Environmental groups release new "non-completion" report on Chad-Cameroon pipeline

Report highlights disrepancies between conclusions of the World Bank and the official project monitors.

Civil society groups released a report last week in advance of the Spring Meetings of the World Bank entitled "The Chad-Cameroon Oil & Pipeline Project: A Project Non-Completion Report." The document provides a critical analysis of the Bank's Project Implementation Completion Report (ICR) and its role in supporting the controversial pipeline.

The report contests the ICR's conclusion that the project's outcome was "satisfactory," particularly in light of a recent World Bank Group report which admitted that the project's harmful impacts on local communities were worse than anticipated. The report's authors also bring into question the Bank's producing an ICR for the project, citing several outstanding concerns identified by the project's independent monitors.
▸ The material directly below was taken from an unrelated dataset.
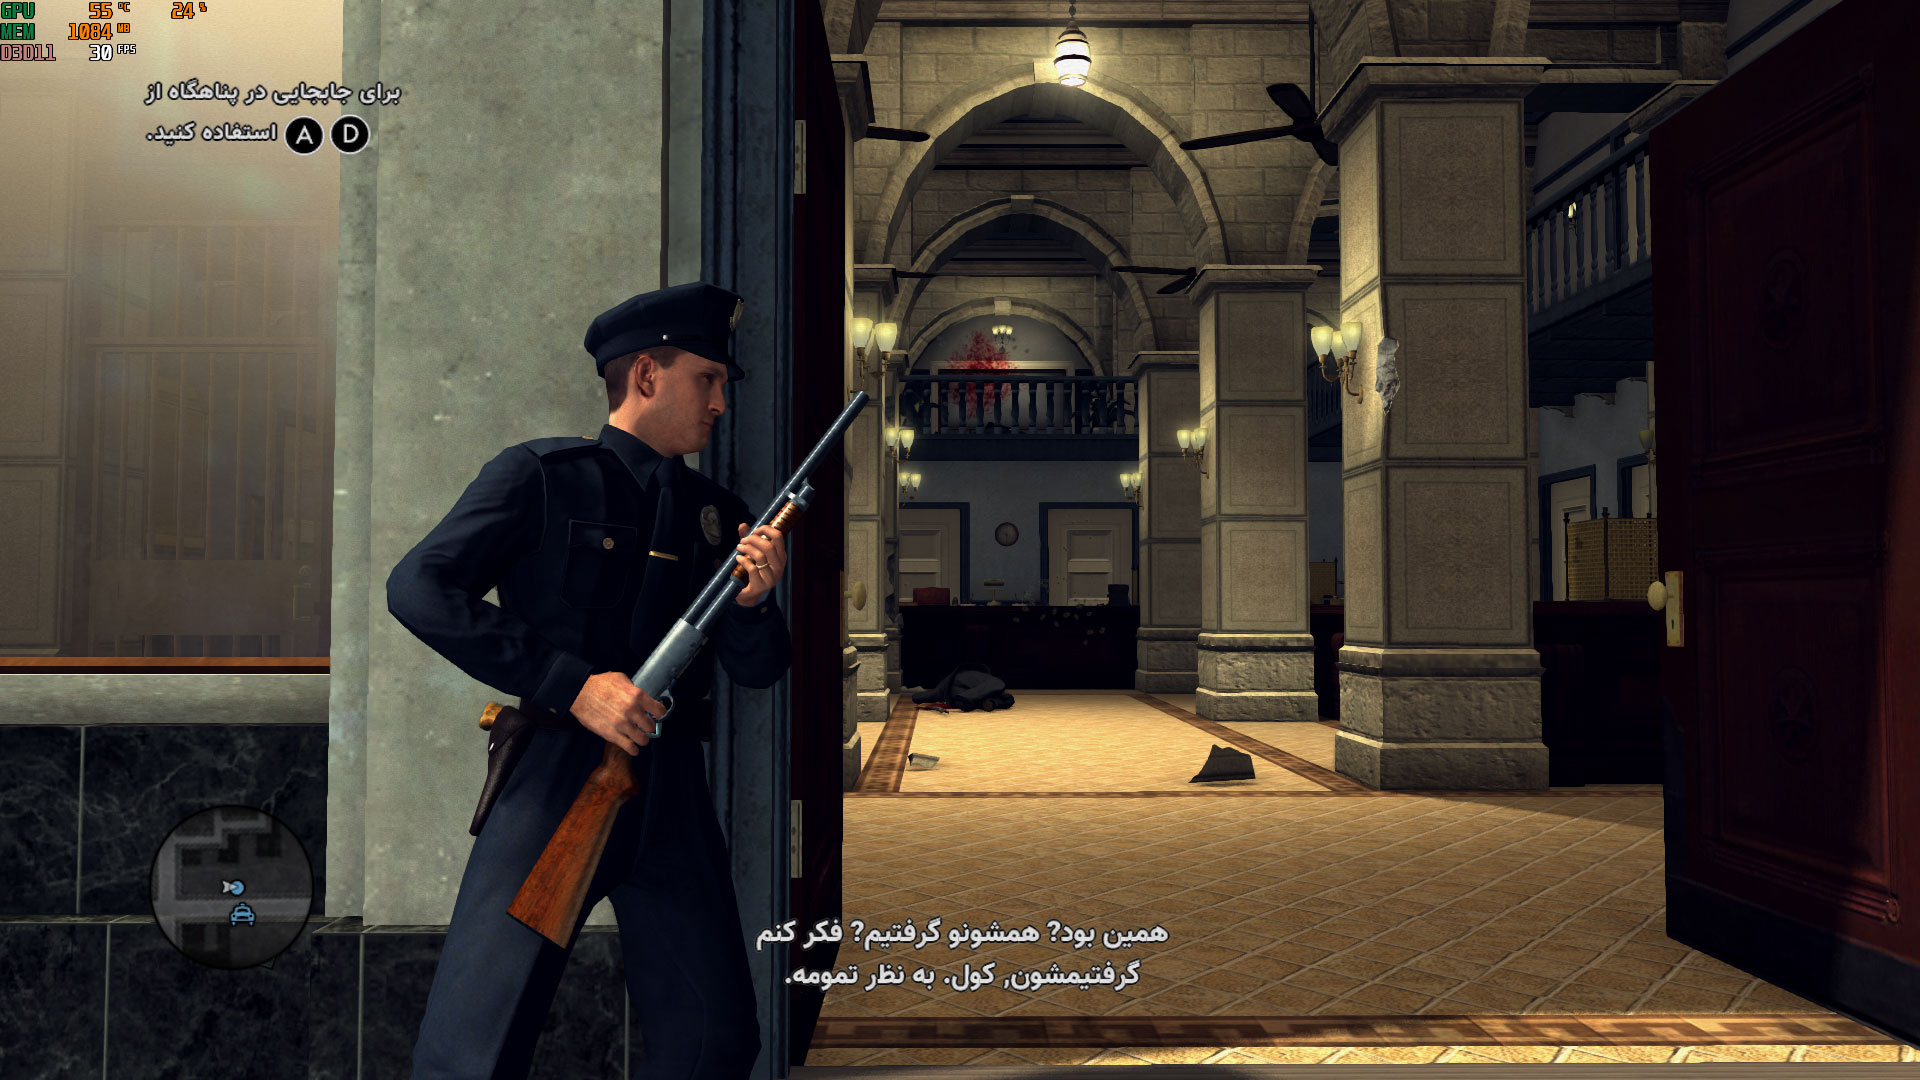 فارسی ساز بازی L.A. Noire

ICRs typically signal that the Bank's role in a project has ended.

Among the concerns raised in the report were the continuing health problems stemming from dust pollution and hazardous waste; the issue of compensation and restoration of livelihoods for communities in Chad displaced by the project; and the survival of indigenous communities in Cameroon, whose precarious situation has worsened since the pipeline was introduced.

These and many other issues were raised during a roundtable discussion between civil society groups and the World Bank this past Saturday. At the meeting, Marie Françoise Marie-Nelly, the Bank's Acting Country Director for both Chad and Cameroon, reiterated that she was happy with the Bank's performance in the project. She stressed that it is too early to assess the poverty reduction impacts of the project, and was optimistic that oil revenues would lead to poverty reduction in the long term.

The report was authored by Korinna Horta of Environmental Defense, Delphine Djiraibe of the Chadian Association for the Promotion and Defense of Human Rights (ATPDH), and Samuel Nguiffo of the Center for Environment and Development (CED) in Cameroon.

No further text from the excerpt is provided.